• **Exercise requirements**
Lines of the listing below that contain the string "http" are to be returned.

• **Given records**
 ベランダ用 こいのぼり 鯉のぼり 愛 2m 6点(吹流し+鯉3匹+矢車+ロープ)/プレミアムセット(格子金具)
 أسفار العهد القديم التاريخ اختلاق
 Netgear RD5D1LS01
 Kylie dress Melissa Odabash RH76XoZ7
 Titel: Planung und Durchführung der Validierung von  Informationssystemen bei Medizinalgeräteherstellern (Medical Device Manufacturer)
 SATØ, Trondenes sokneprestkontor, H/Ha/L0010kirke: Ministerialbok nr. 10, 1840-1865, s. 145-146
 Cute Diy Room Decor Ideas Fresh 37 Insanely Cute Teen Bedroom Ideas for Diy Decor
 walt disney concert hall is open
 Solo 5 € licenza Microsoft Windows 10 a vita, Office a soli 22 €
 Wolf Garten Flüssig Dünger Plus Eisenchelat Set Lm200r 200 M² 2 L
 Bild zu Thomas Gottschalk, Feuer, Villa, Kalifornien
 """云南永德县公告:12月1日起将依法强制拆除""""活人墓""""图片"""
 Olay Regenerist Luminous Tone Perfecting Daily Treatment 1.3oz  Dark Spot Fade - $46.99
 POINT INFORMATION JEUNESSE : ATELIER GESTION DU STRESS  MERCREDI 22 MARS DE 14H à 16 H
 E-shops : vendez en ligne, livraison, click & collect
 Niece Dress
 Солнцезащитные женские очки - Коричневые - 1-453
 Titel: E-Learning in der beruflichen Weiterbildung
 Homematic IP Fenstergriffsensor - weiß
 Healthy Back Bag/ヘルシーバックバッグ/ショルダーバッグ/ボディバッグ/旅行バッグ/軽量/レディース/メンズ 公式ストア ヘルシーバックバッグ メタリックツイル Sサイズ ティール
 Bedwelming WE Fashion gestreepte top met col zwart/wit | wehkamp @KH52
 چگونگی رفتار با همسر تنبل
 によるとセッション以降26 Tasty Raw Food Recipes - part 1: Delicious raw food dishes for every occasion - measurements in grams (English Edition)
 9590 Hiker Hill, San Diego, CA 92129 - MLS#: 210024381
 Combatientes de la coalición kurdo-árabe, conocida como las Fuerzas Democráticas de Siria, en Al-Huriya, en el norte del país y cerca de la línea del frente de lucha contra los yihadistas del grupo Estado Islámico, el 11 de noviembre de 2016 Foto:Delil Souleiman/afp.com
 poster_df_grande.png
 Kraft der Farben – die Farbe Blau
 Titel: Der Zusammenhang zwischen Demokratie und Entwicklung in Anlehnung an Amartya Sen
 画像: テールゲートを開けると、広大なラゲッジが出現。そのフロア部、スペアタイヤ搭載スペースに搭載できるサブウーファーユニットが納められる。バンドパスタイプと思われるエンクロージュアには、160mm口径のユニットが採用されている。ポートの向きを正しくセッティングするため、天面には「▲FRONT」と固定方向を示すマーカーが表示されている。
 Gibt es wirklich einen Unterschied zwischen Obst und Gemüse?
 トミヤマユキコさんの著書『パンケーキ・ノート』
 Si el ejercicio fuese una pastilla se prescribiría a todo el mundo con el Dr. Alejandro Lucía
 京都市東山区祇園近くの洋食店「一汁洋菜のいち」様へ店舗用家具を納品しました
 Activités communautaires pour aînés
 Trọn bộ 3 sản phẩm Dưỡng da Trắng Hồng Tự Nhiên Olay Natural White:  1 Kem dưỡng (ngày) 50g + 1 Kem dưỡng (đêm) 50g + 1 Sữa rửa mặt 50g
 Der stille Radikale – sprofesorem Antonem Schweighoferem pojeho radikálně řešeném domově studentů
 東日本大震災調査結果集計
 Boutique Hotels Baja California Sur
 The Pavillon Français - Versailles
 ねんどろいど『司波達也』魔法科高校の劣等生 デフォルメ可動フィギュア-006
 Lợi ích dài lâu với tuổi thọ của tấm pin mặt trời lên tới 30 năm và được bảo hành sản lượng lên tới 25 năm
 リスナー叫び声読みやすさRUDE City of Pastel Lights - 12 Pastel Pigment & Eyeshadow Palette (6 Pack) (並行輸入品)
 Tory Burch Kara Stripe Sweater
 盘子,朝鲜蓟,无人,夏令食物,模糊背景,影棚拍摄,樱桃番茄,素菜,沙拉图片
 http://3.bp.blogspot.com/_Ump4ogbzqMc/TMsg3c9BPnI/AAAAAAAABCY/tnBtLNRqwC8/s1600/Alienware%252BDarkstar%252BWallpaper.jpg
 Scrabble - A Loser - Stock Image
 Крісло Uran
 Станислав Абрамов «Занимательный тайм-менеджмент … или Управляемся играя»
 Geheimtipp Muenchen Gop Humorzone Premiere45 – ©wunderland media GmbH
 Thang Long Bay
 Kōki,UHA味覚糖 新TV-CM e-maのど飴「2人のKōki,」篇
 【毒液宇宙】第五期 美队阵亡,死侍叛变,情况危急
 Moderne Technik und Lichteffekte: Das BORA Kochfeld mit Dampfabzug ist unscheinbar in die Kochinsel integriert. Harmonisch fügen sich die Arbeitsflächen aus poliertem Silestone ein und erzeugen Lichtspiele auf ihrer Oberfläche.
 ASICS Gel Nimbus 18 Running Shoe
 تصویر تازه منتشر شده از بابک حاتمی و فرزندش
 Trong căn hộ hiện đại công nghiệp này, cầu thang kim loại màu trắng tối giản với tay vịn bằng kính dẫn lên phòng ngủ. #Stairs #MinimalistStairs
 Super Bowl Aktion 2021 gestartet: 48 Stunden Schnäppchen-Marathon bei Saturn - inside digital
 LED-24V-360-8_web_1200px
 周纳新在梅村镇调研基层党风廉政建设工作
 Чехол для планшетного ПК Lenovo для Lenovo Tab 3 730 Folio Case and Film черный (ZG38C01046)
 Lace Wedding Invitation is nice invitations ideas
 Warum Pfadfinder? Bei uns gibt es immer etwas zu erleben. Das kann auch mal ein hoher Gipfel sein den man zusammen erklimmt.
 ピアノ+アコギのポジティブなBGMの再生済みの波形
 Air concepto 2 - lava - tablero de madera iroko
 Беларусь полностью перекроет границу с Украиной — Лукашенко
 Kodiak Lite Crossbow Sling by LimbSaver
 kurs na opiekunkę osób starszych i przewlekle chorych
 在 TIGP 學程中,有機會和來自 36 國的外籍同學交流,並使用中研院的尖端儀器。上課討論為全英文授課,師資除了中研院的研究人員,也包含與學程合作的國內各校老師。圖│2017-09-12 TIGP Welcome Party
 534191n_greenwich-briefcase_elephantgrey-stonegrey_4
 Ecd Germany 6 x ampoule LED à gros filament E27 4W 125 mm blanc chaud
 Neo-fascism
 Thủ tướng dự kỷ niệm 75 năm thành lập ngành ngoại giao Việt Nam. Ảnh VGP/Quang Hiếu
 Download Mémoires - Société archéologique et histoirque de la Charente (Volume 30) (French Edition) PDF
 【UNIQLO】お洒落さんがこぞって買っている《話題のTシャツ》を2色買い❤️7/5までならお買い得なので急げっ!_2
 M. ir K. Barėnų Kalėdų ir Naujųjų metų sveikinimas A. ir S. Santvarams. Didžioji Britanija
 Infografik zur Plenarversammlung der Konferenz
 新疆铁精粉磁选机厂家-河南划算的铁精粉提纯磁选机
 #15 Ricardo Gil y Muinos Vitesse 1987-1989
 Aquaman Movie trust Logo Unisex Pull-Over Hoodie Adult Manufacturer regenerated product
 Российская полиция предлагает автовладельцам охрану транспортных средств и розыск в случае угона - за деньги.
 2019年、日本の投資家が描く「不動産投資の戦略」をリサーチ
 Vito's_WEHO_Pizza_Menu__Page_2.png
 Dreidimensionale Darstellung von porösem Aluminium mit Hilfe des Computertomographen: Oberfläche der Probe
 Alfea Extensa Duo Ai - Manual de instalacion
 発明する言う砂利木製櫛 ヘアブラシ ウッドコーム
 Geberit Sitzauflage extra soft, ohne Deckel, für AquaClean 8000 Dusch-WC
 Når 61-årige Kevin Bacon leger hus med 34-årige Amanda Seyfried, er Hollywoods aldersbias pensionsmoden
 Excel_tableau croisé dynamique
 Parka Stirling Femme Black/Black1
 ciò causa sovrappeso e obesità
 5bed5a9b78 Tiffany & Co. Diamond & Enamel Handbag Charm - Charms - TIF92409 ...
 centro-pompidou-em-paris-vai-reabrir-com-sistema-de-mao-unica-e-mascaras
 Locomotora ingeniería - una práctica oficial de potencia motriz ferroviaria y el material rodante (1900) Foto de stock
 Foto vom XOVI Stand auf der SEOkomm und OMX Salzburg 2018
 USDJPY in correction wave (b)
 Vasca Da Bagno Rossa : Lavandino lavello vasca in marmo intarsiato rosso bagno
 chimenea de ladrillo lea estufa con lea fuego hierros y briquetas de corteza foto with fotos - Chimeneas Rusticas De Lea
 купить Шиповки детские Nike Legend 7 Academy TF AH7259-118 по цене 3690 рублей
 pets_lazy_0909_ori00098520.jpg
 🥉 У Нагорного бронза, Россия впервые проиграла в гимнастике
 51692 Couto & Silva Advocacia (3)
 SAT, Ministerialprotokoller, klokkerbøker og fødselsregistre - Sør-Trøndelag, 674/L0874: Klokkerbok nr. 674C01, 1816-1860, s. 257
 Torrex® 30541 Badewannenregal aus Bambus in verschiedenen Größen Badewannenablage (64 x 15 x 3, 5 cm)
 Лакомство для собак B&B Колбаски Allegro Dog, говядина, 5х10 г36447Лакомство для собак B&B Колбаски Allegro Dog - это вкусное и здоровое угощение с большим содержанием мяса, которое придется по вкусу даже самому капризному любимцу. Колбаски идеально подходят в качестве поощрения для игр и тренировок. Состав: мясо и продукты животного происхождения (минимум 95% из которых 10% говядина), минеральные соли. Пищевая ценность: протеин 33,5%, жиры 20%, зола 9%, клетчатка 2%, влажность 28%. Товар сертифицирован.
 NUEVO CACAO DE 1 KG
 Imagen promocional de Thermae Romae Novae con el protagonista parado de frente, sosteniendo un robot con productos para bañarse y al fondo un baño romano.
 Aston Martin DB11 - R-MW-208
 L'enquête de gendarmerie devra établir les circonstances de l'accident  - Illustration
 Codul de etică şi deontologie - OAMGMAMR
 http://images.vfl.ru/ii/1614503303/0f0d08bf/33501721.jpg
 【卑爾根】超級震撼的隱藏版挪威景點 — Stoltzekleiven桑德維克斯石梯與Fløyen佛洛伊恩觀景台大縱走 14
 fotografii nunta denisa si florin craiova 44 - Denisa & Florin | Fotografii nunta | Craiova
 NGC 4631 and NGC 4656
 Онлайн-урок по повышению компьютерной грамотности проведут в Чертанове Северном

• **Final answer**
 http://3.bp.blogspot.com/_Ump4ogbzqMc/TMsg3c9BPnI/AAAAAAAABCY/tnBtLNRqwC8/s1600/Alienware%252BDarkstar%252BWallpaper.jpg
 http://images.vfl.ru/ii/1614503303/0f0d08bf/33501721.jpg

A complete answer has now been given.